◆ What you will do ◆
Only one stretch of the data below is needed. Output the lines from the one with "Kumbhalgarh Fortress" up to and including the one with "Папа играет в футбол.", exactly as they stand.
┌─ Extracted data
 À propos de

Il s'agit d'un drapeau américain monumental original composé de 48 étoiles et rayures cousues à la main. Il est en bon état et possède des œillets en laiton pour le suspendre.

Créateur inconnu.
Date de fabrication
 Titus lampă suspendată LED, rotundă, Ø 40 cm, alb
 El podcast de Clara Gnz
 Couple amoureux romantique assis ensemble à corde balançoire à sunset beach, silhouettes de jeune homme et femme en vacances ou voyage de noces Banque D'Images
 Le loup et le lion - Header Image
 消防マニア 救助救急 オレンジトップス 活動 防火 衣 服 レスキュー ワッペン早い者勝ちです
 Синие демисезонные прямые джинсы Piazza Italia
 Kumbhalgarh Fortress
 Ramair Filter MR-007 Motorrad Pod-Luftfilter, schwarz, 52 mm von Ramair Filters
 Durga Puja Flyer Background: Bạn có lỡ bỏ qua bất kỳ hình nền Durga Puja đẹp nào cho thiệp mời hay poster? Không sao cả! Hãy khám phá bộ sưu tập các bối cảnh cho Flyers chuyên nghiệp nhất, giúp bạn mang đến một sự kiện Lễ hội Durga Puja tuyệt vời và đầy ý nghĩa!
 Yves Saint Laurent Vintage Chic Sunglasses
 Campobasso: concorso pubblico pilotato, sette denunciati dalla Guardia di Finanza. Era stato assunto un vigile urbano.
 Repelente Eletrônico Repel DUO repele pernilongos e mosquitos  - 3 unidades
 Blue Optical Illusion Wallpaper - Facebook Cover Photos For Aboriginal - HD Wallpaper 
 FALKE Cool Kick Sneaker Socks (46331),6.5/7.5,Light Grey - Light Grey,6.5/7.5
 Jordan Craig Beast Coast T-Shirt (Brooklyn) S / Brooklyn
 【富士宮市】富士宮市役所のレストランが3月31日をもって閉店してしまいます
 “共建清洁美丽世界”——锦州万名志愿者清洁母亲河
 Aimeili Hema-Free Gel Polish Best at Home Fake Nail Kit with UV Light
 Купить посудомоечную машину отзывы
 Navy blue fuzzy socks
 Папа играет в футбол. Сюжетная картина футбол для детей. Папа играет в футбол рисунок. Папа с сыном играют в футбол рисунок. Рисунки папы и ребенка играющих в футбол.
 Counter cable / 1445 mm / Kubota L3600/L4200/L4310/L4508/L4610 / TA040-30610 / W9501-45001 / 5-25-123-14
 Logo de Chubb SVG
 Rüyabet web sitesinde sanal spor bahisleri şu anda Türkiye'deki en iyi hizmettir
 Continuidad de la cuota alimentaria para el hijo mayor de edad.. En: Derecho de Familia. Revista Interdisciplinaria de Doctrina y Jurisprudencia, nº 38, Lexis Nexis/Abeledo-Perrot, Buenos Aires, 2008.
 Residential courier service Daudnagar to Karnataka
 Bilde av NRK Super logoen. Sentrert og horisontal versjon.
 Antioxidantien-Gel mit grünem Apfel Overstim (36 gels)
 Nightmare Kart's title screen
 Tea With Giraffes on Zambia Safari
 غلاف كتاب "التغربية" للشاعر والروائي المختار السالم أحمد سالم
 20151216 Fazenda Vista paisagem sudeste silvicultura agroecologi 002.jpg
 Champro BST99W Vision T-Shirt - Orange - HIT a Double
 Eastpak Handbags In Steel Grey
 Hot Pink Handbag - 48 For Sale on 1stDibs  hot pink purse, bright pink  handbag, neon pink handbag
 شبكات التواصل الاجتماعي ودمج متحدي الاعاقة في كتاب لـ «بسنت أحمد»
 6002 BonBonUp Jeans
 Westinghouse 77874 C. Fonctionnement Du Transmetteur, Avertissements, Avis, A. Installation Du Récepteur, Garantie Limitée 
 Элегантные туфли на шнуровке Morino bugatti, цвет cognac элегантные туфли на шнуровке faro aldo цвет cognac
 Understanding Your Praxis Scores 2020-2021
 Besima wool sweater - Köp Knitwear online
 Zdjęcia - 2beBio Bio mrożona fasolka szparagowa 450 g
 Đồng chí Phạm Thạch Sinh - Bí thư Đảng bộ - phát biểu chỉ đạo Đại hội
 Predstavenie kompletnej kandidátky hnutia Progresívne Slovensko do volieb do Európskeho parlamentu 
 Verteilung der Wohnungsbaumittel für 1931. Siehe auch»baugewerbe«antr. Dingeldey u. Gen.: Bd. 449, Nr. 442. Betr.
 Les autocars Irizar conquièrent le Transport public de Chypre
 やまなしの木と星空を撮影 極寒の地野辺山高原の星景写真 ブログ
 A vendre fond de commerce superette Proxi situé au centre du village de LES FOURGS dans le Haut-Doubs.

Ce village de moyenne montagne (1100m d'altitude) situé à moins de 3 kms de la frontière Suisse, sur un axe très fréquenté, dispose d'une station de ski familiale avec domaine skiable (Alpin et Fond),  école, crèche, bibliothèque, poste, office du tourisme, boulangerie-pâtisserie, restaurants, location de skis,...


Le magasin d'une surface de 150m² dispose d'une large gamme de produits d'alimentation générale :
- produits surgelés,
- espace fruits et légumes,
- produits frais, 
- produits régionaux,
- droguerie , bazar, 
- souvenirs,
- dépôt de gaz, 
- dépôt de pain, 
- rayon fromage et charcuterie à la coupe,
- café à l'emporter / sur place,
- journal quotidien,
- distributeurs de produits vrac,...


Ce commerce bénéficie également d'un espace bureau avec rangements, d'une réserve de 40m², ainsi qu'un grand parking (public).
└─
◆ Answer below ◆
 Kumbhalgarh Fortress
 Ramair Filter MR-007 Motorrad Pod-Luftfilter, schwarz, 52 mm von Ramair Filters
 Durga Puja Flyer Background: Bạn có lỡ bỏ qua bất kỳ hình nền Durga Puja đẹp nào cho thiệp mời hay poster? Không sao cả! Hãy khám phá bộ sưu tập các bối cảnh cho Flyers chuyên nghiệp nhất, giúp bạn mang đến một sự kiện Lễ hội Durga Puja tuyệt vời và đầy ý nghĩa!
 Yves Saint Laurent Vintage Chic Sunglasses
 Campobasso: concorso pubblico pilotato, sette denunciati dalla Guardia di Finanza. Era stato assunto un vigile urbano.
 Repelente Eletrônico Repel DUO repele pernilongos e mosquitos  - 3 unidades
 Blue Optical Illusion Wallpaper - Facebook Cover Photos For Aboriginal - HD Wallpaper 
 FALKE Cool Kick Sneaker Socks (46331),6.5/7.5,Light Grey - Light Grey,6.5/7.5
 Jordan Craig Beast Coast T-Shirt (Brooklyn) S / Brooklyn
 【富士宮市】富士宮市役所のレストランが3月31日をもって閉店してしまいます
 “共建清洁美丽世界”——锦州万名志愿者清洁母亲河
 Aimeili Hema-Free Gel Polish Best at Home Fake Nail Kit with UV Light
 Купить посудомоечную машину отзывы
 Navy blue fuzzy socks
 Папа играет в футбол. Сюжетная картина футбол для детей. Папа играет в футбол рисунок. Папа с сыном играют в футбол рисунок. Рисунки папы и ребенка играющих в футбол.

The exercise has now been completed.